▶ **ACTION ITEM**
Once the line holding "13 Ice Cold" is found in the entries below, transcribe exactly every line up to and including the one holding "Perspective view of", but leave out the pictures.

▶ **SUPPLIED MATERIAL**
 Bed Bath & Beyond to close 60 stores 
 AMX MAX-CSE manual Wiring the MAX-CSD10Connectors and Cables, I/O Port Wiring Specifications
--
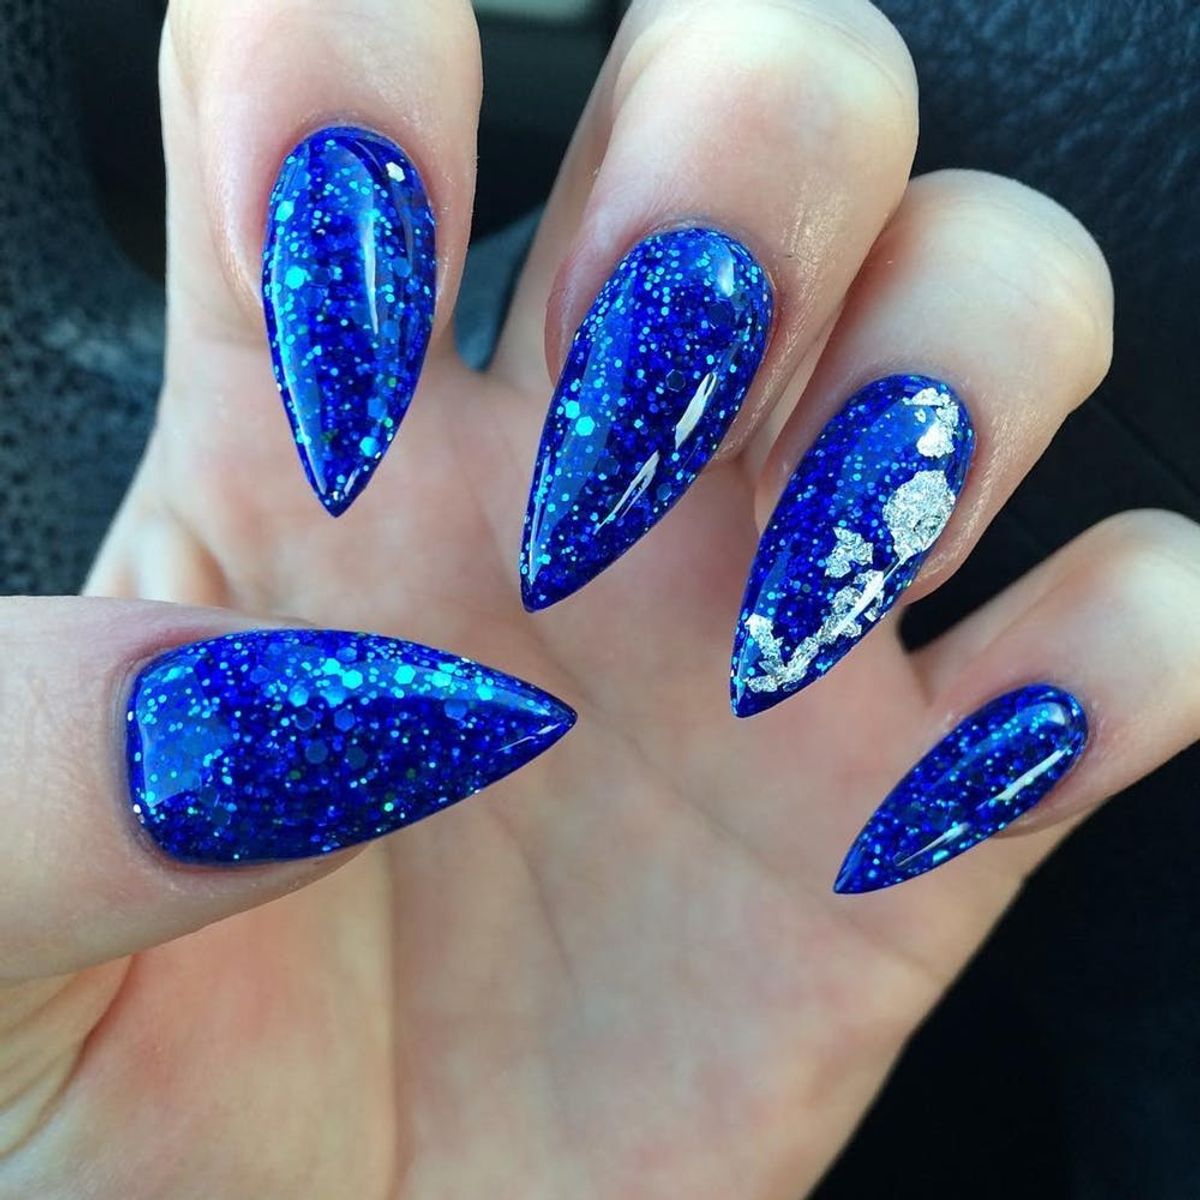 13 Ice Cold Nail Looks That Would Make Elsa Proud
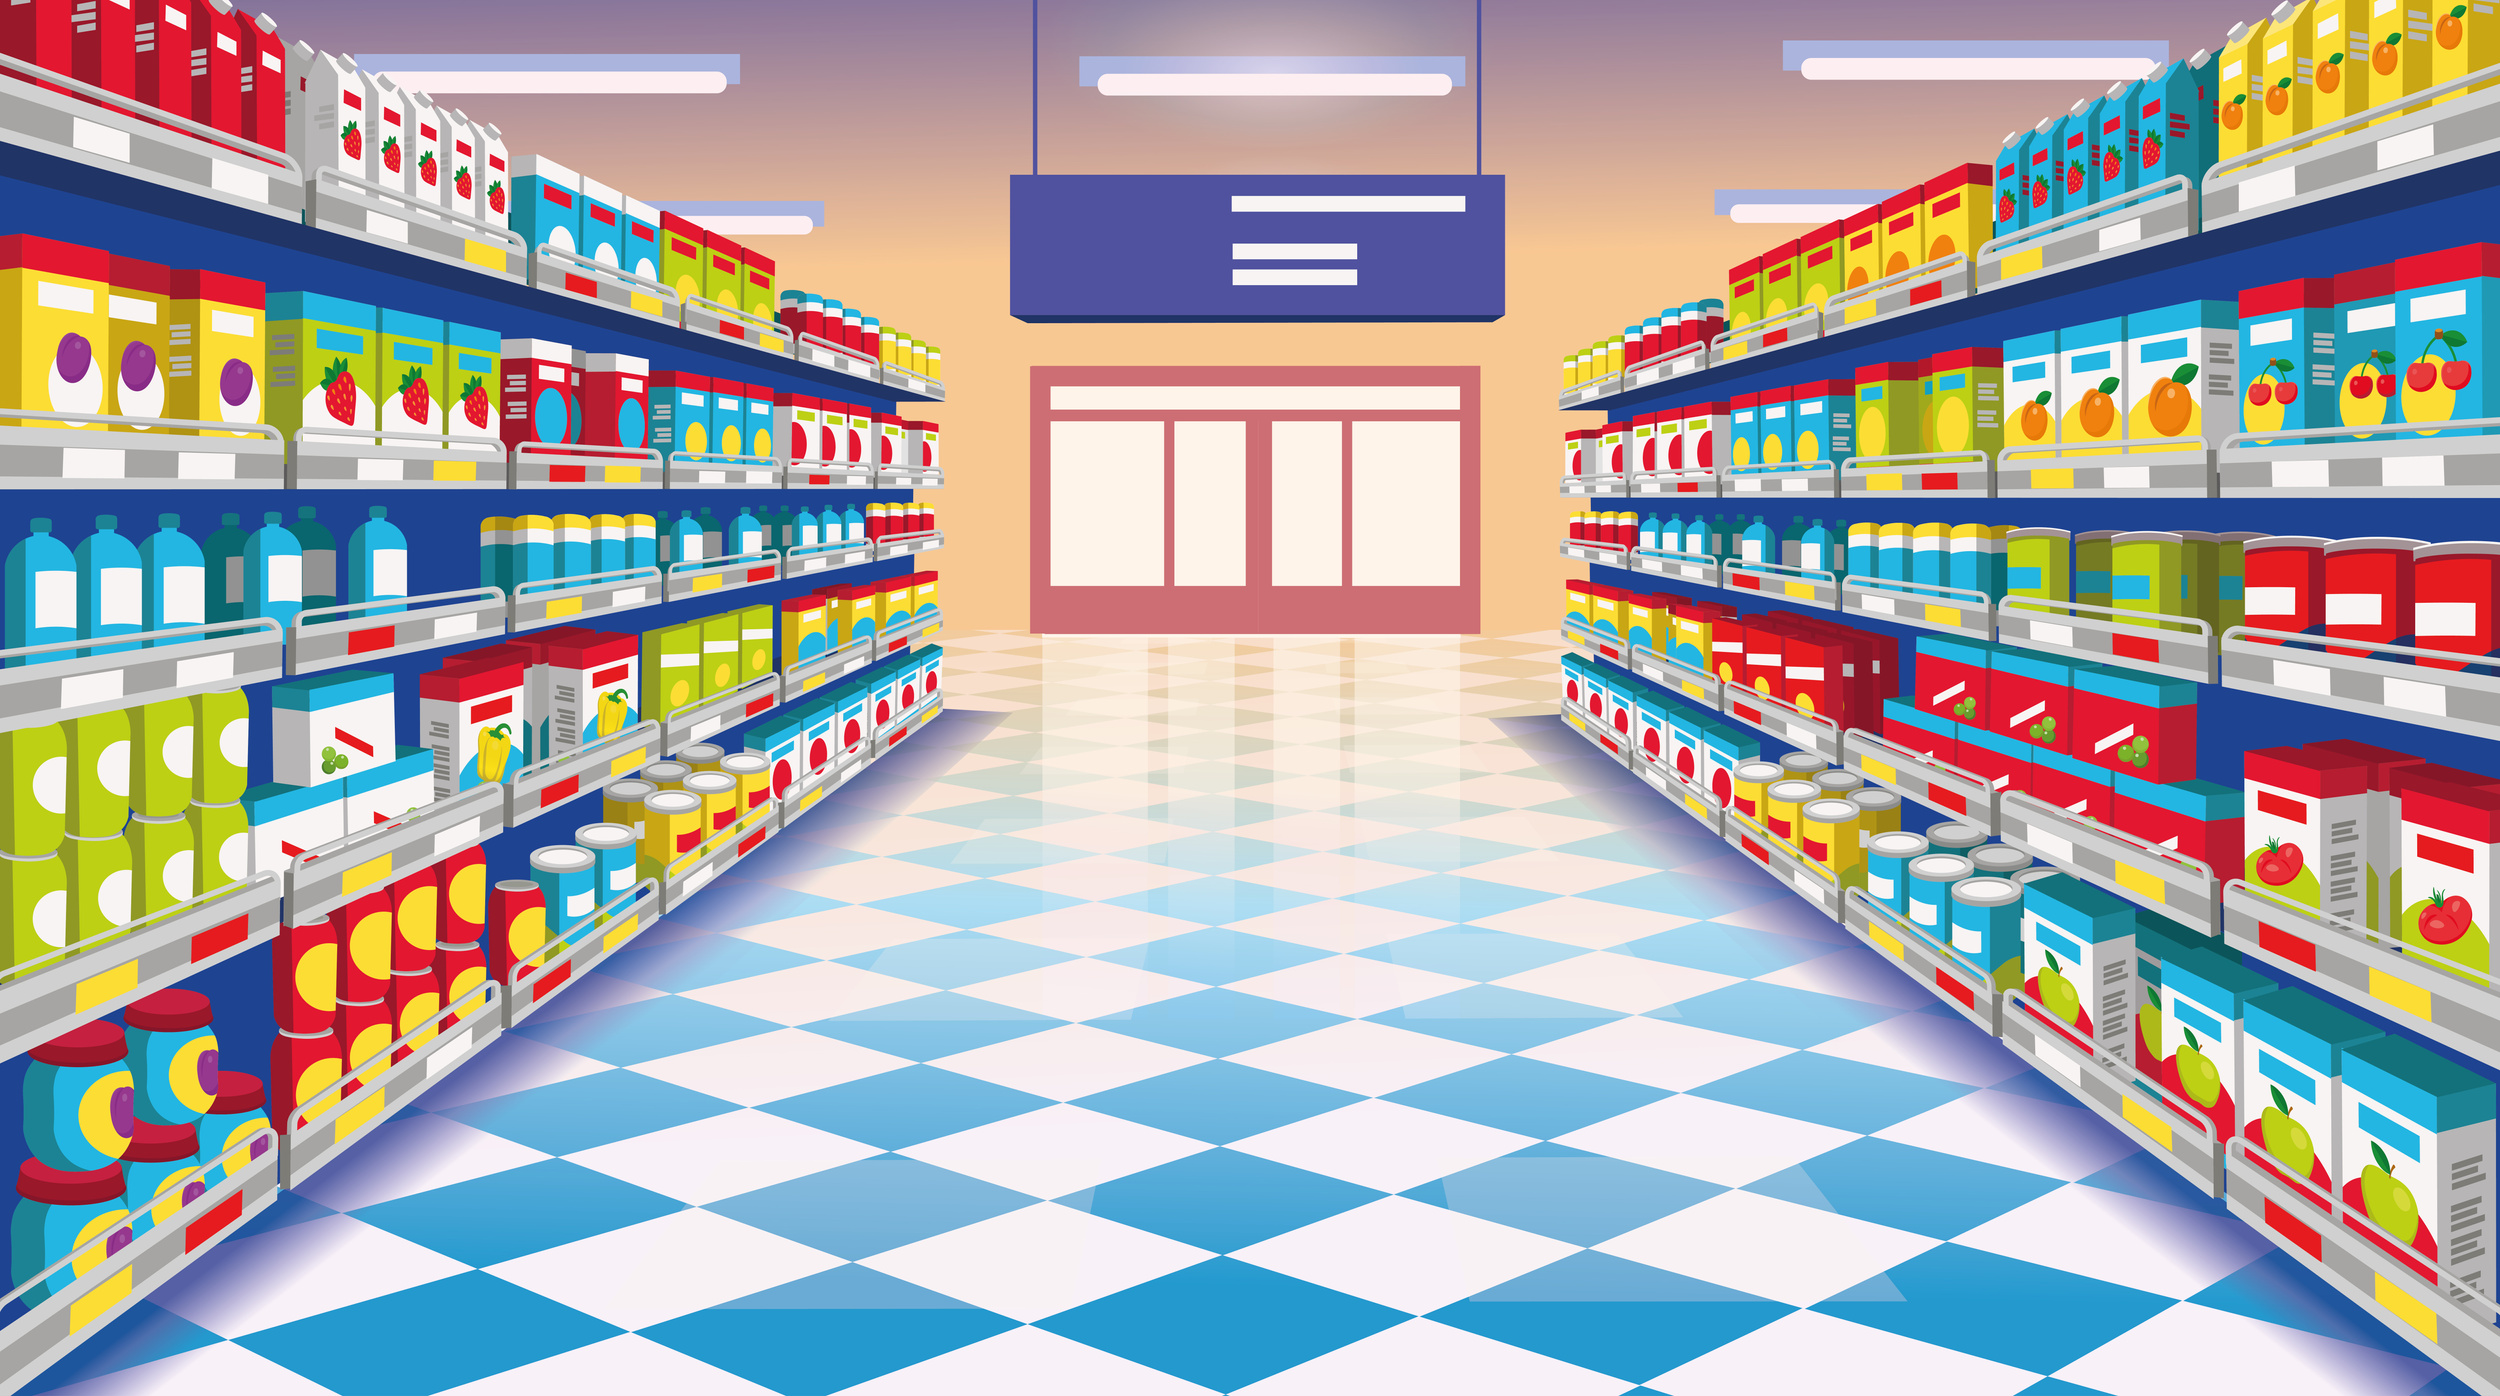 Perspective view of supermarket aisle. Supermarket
--
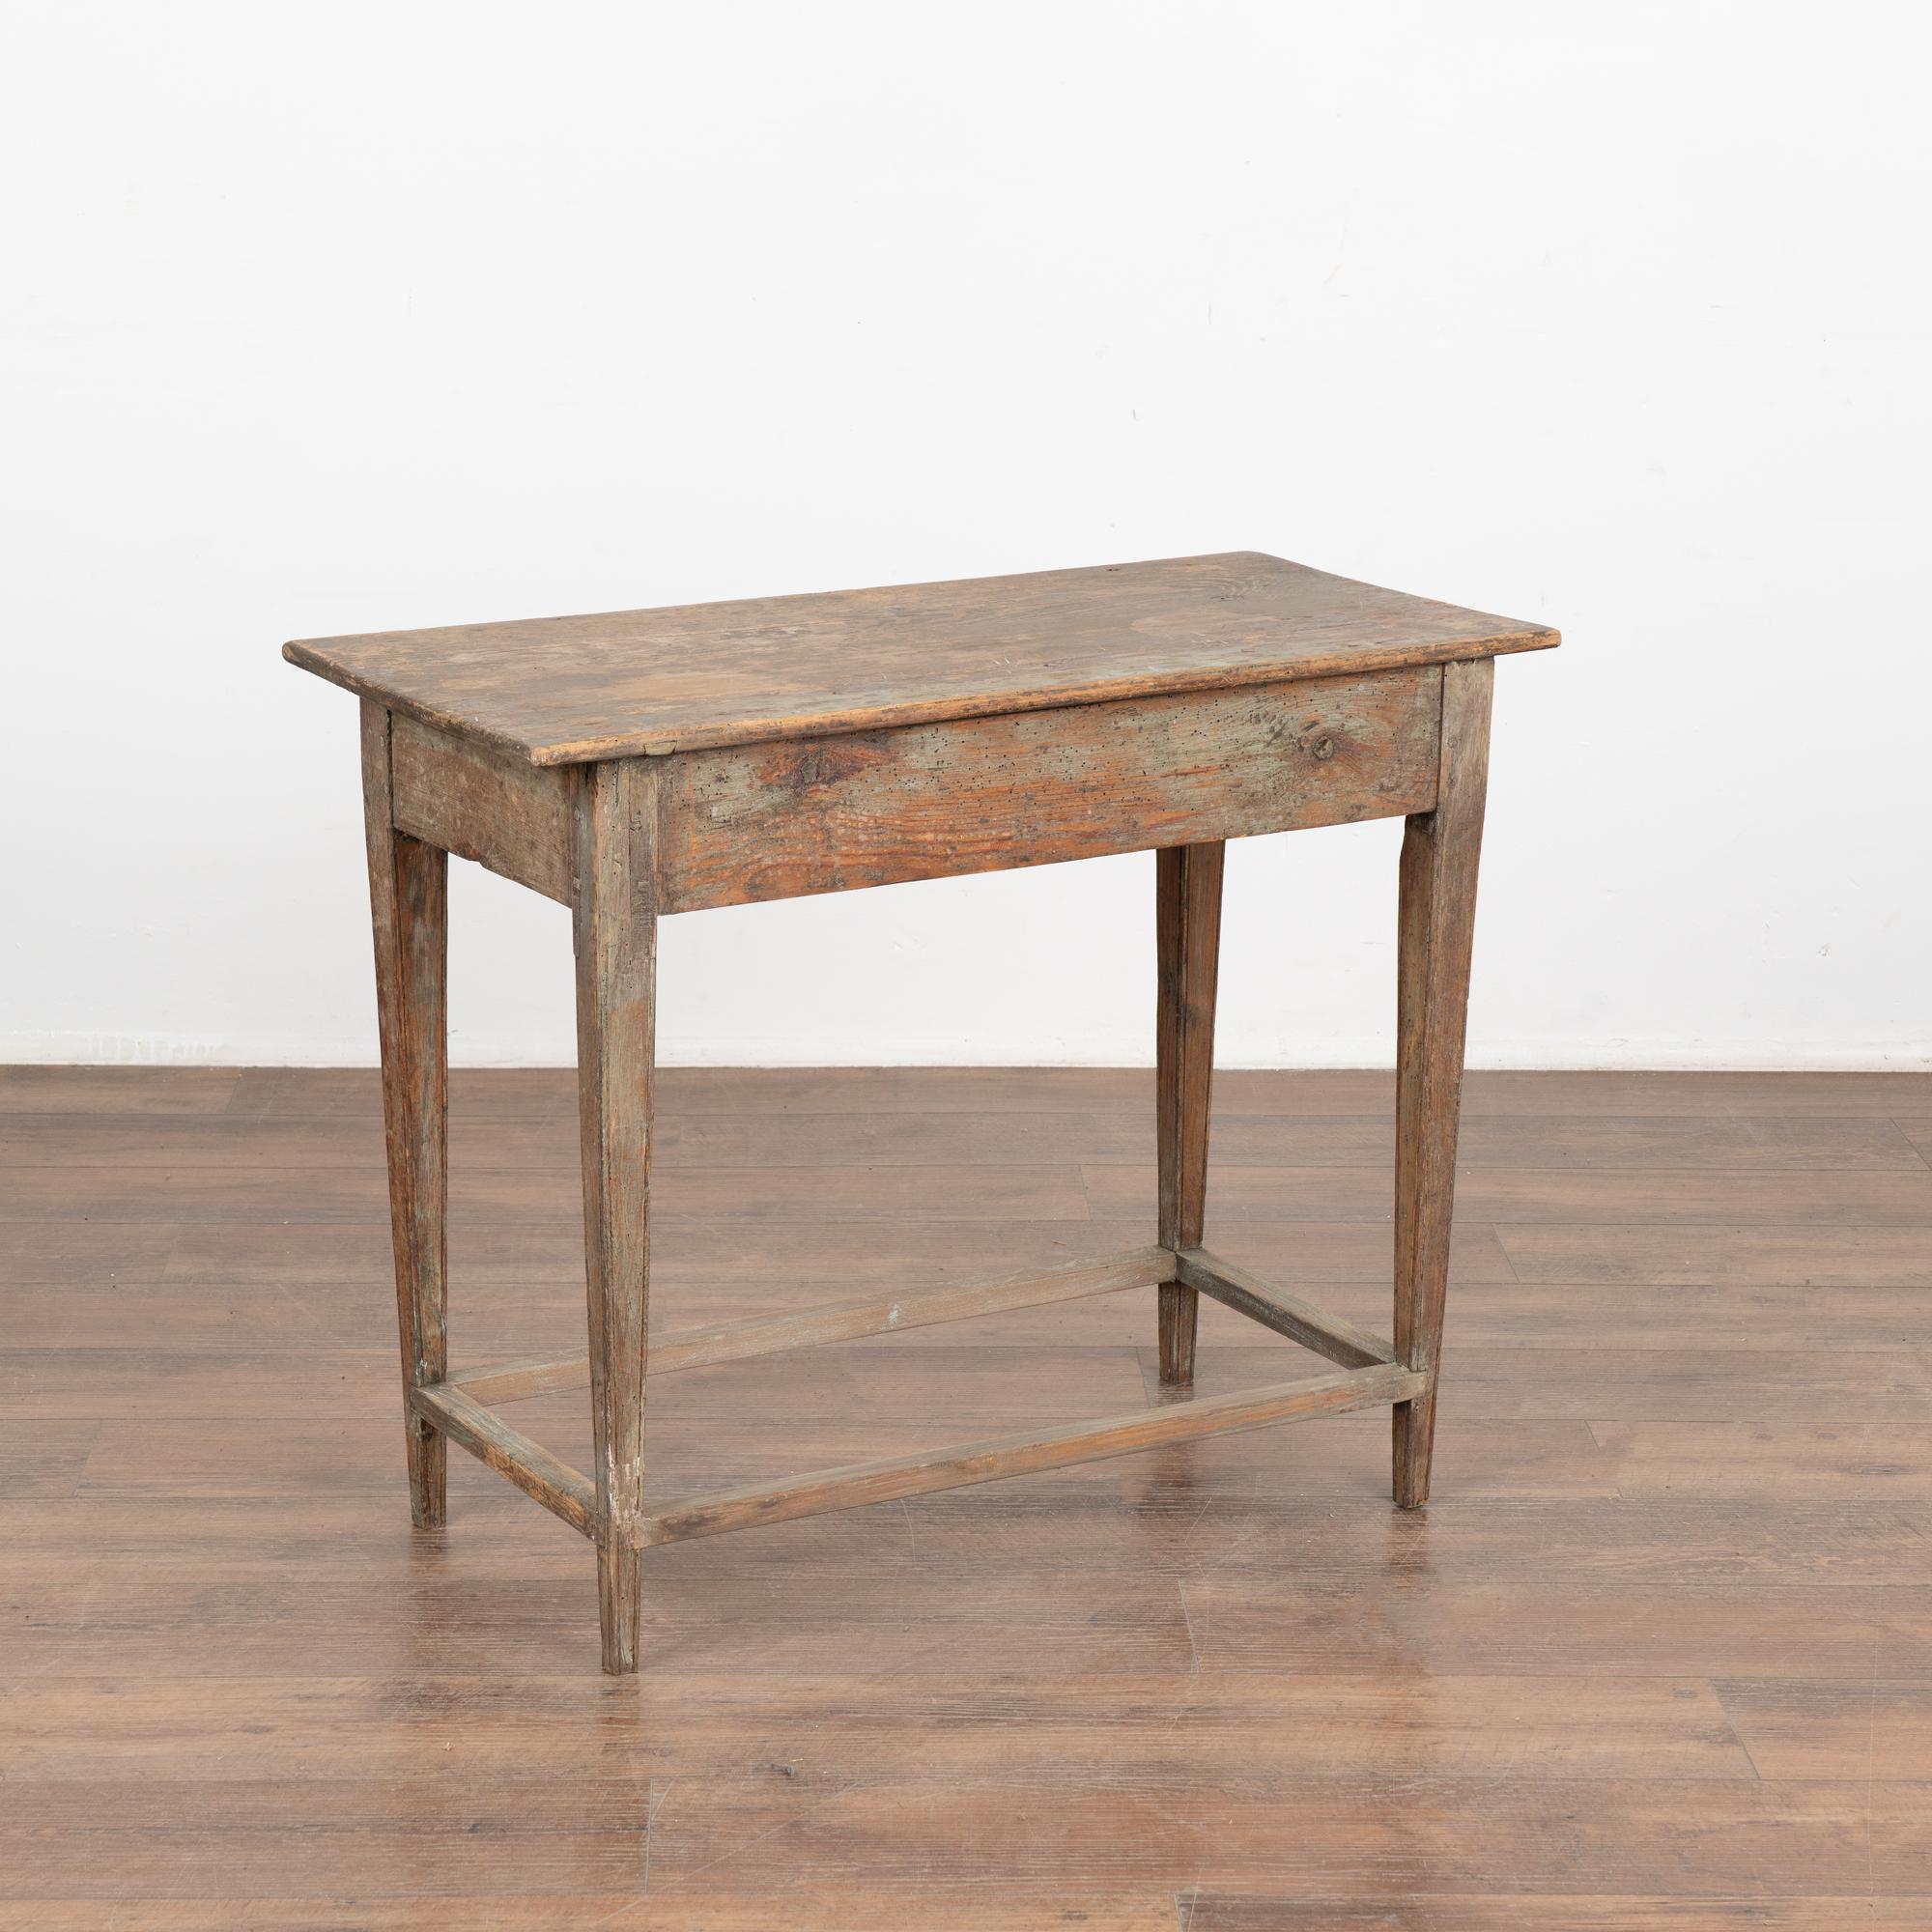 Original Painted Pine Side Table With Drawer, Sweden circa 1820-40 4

▶ **EXERCISE SOLUTION**
 13 Ice Cold Nail Looks That Would Make Elsa Proud
 Perspective view of supermarket aisle. Supermarket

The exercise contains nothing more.